Safe Multi-Agent Reinforcement Learning for Multi-Robot Control

Algorithm Code | Safe MAMuJoCo Code | Safe MARobosuite Code | Safe MAIG Code

Abstract: Research on robot control has a long tradition. A challenging problem arising in this domain is how to control multiple robots safely in real-world applications. To our knowledge, no study has considered multi-robot control from the perspective of safe Multi-Agent reinforcement learning (MARL). To fill this gap, in this study, we investigate safe MARL for multi-robot control on {cooperative tasks}, in which each individual robot has to not only meet its own safety constraints while maximising their reward, but also consider those of others to guarantee safe team behaviours. First, we formulate the safe MARL problem as a constrained Markov game and employ policy Optimisation to solve it theoretically. The proposed algorithm guarantees monotonic improvement in reward and satisfaction of safety constraints at every iteration. Second, as approximations to the theoretical solution, we propose two safe multi-agent policy gradient methods: Multi-Agent Constrained Policy Optimisation (MACPO) and MAPPO-Lagrangian. Third, we develop the first three safe MARL benchmarks---Safe Multi-Agent MuJoCo (Safe MAMuJoCo), Safe Multi-Agent Robosuite (Safe MARobosuite) and Safe Multi-Agent Isaac Gym (Safe MAIG) to expand the toolkit of MARL and robot control research communities. Finally, experimental results on the three safe MARL benchmarks indicate that our methods can achieve state-of-the-art performance in the balance between improving reward and satisfying safety constraints compared with strong baselines.

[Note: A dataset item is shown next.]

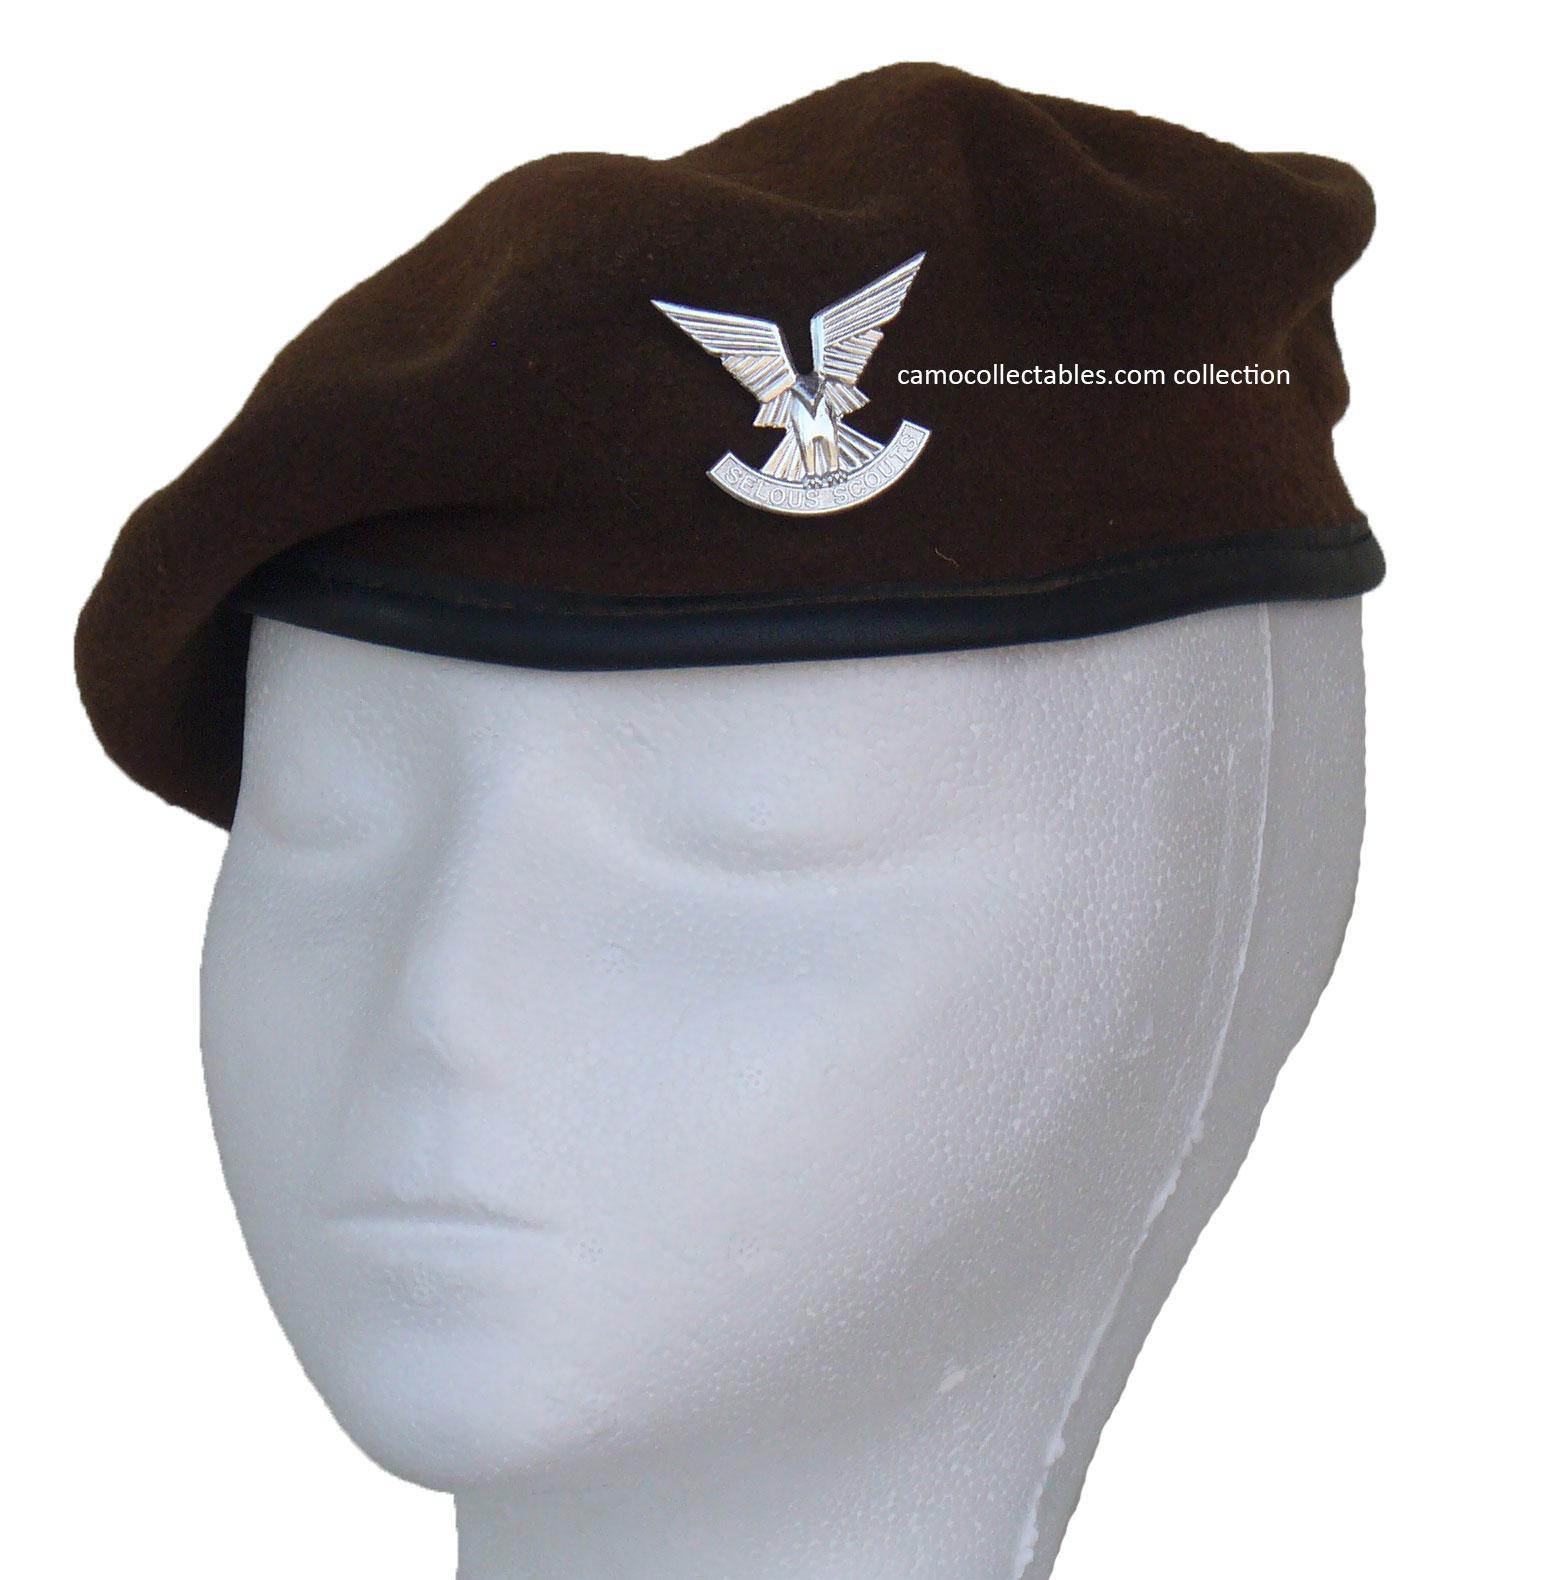 Camo Collectables. Rhodesian Selous Scouts Beret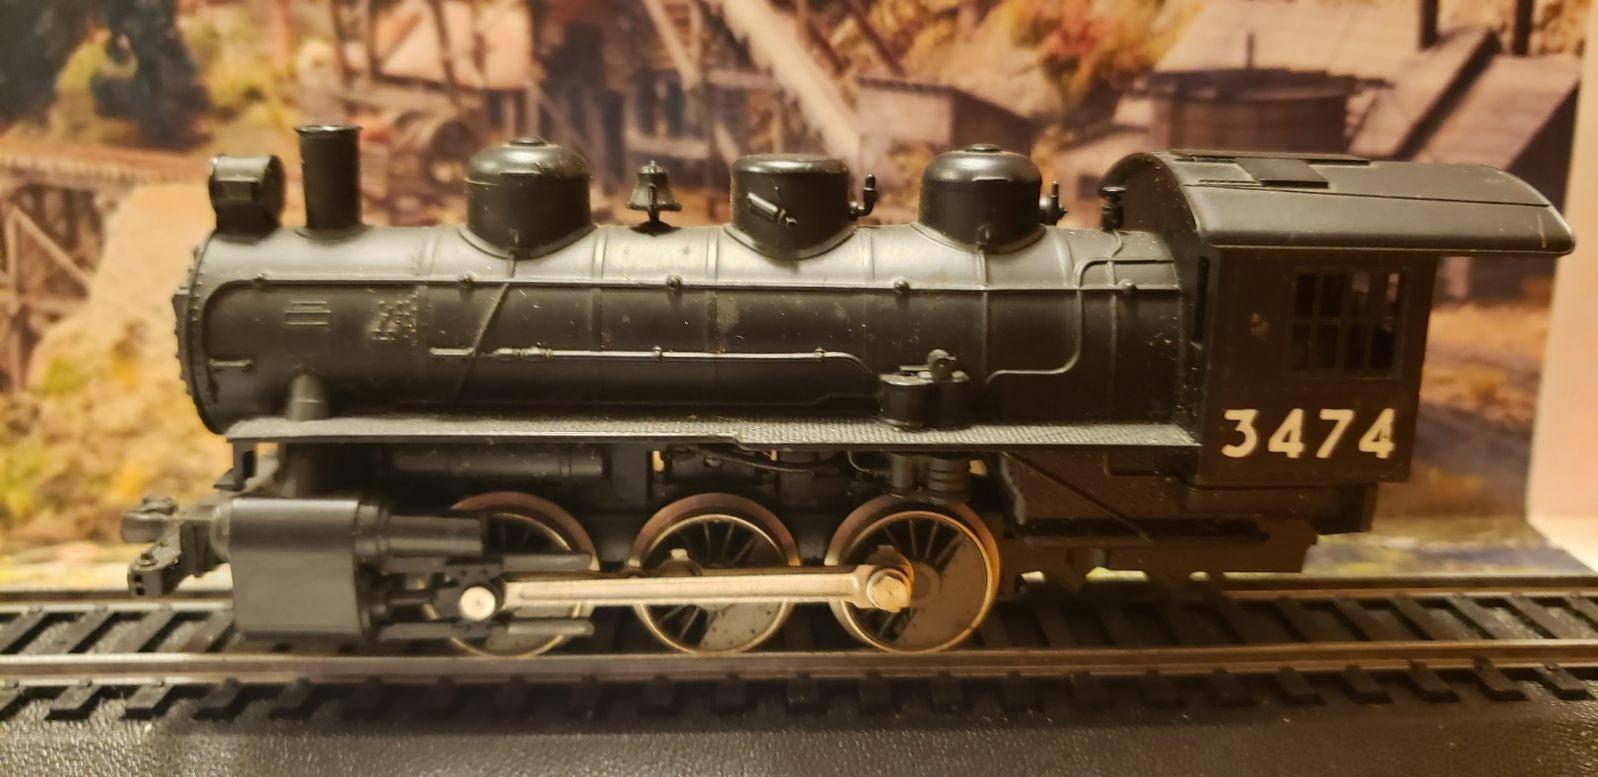 Rivarossi Steam Locomotive

Ant Task: the width of the corridor set by two walls is 10 m. The environment emits the cost of 1 for an agent, if the distance between the robot and the wall is less than 1.8 m, or when the robot topples over.

A demo denotes unsafe performance using HAPPO on Ant-2x4 task

A demo denotes safe performance using MAPPO-Lagrangian on Ant-2x4 task

HalfCheetah Task: In the task, the agents move inside a corridor (which constraints their movement, but does not induce costs). Together with them, there are bombs moving inside the corridor. If an agent finds itself too close to the bomb, the distance between an agent and the bomb is less than 9m, a cost of 1 will be emitted, at the same time, the bomb will turn blood red.

A demo denotes unsafe performance using HAPPO on HalfCheetah-2x3 task

A demo denotes safe performance using MAPPO-Lagrangian on HalfCheetah-2x3 task

ManyAgent Ant Task One: In the ManyAgent Ant task, the width of the corridor set by two walls is 9m. The environment emits the cost of 1 for an agent, if the distance between the robot and the wall is less than 1.8 m, or when the robot topples over.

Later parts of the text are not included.